Types of Research Ethics Review


Exempted Review

Projects which involve the collection data from public available databases or public documents are exempted from review.


Expedited Review

Projects posing minimal risk to research subjects go through expedited reviews. The RASD and the REO Director decide consensually on whether a research project would qualify for expedited review. Projects qualifying for expedited review are those that involve:

  • Research involving minor changes in previously approved research projects;
  • Research involving analysis of information without interaction with subjects;
  • Research where informed consent is needed from the subjects and the informed consent process will be correctly and appropriately applied, and that the researchers will be taken appropriate measures to protect the privacy of the subjects;
  • Research which is a local portion of a multi-center or multi-national research project has already received a full review from another research ethics committee or institutional review board.

Full Review

Research projects which pose a more than “minimal risk” to research participants or subjects are subjected to a full review by the Research Ethics Review Pannel (RERP). Risk is minimal when “the probability and magnitude of harm or discomfort anticipated in the research are not greater in and of themselves than those ordinarily encountered in daily life or during the performance of routine physical examinations or tests" (U.S. Department of Health and Human Services, 1994, p.6, as cited by Hadjistavropoulos, & Smythe, 2001)

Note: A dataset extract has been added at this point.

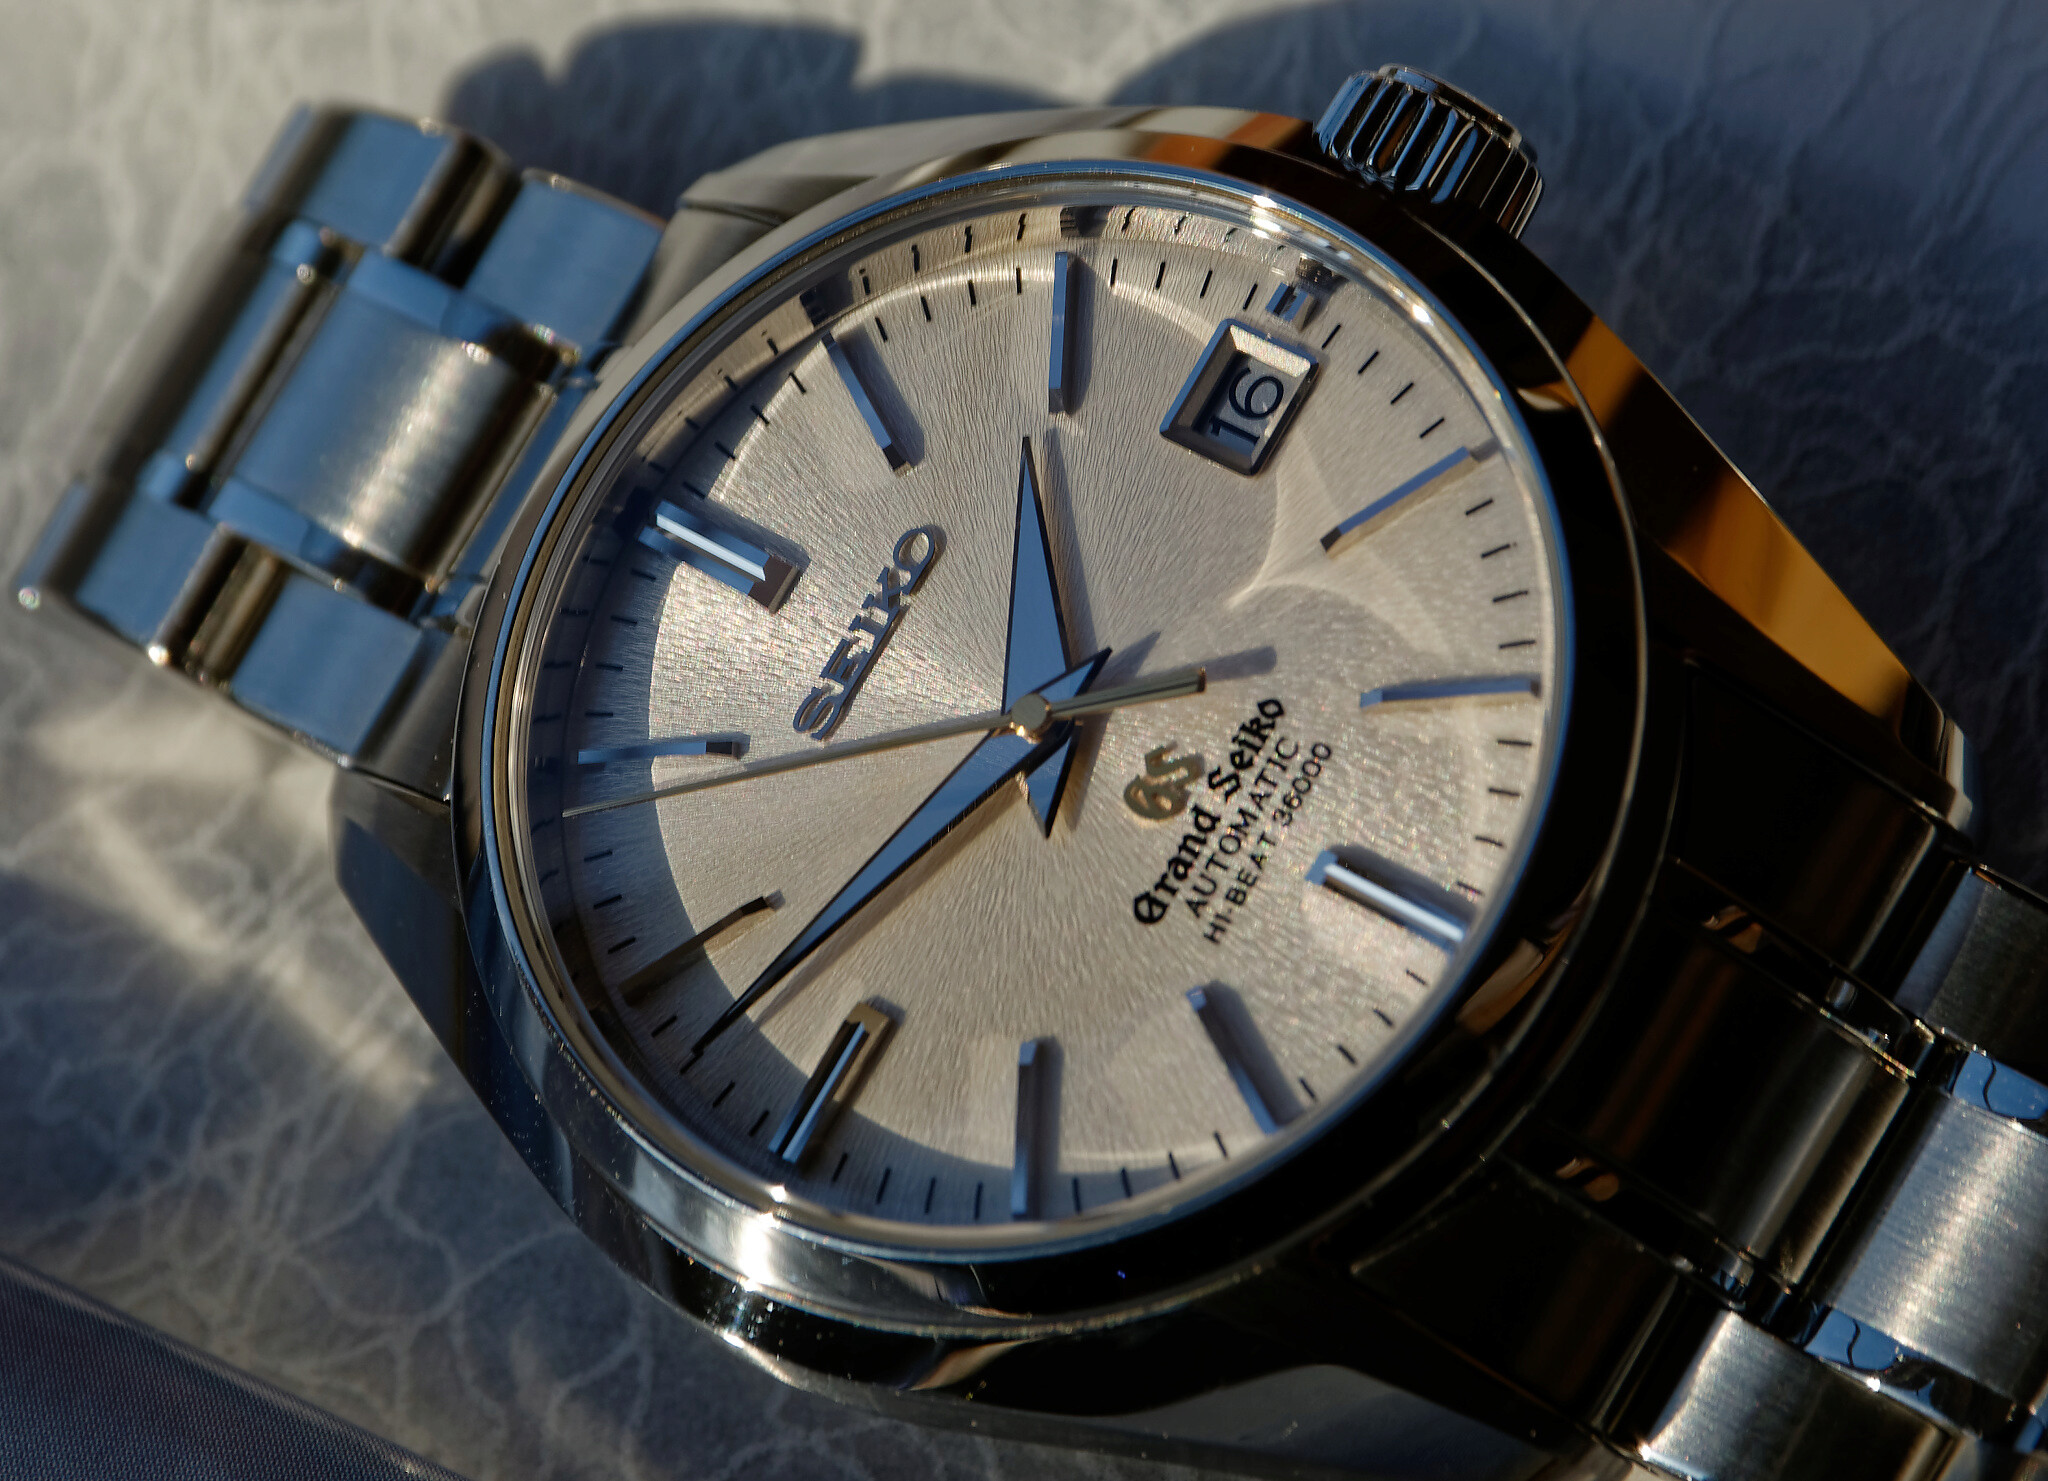 Your GS collection - and more important; why GS? | Page 3 | WatchUSeek  Watch Forums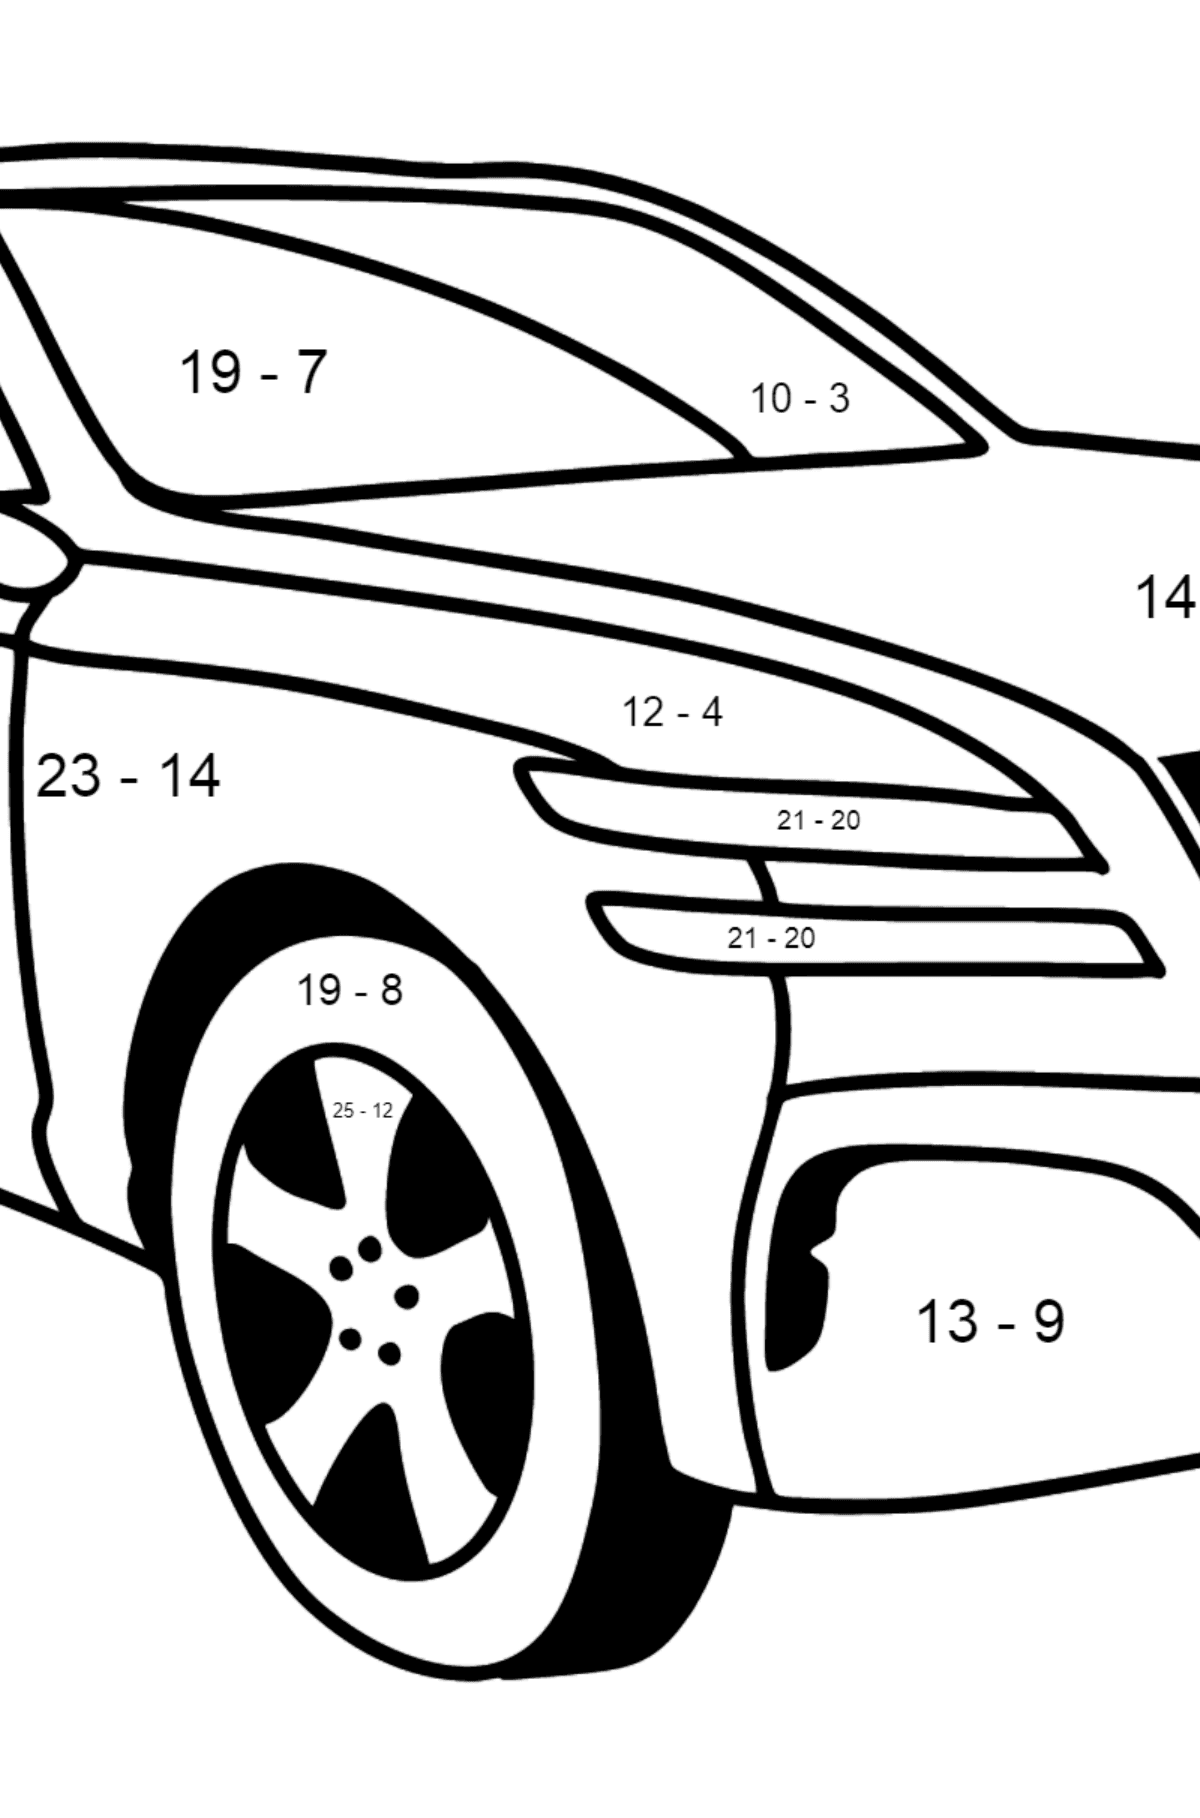 Genesis car coloring page - Math Coloring - Subtraction for Kids

Research involving vulnerable groups, such as the elderly, youth-at-risk, special children, or individuals who are in inequitable relationships;

  • Research involving sensitive topics, such as substance use, sexual behaviors, or criminal or politically sensitive behaviors;
  • Research with groups which necessitate permission to acquire access to them, such as research with indigenous communities;
  • Research which will require deception or which will be conducted without the participants’ full and informed consent at the time data are to be collected;
  • Research that will require access to personal and confidential information of identifiable individuals, such as genetic or biological information, medical records, or psychological assessment records;
  • Research that will cause physical and/or psychological harm or pain, or will cause humiliation, stress or anxiety;
  • Research that will involve intrusive interventions, such as hypnotherapy, drug administration, or vigorous exercise, which may cause participants to reveal information about themselves they otherwise would not normally want revealed in their everyday lives.
  • Research involving respondents through the internet
  • Research involving deceased persons, body parts or other human elements

References


  • Economic and Social Research Council (2010) Framework for Research Ethics Swindon: ESRC at http://www.esrcsocietytoday.ac.uk/ESRCInfoCentre/Images/Framework%20for%20Research%20Ethics%202010_tcm6-35811.pdf

  • Hadjistavropoulos, T., & Smythe, W. E. (2001). Elements of risk in qualitative research. Ethics & Behavior, 11(2), 163-174.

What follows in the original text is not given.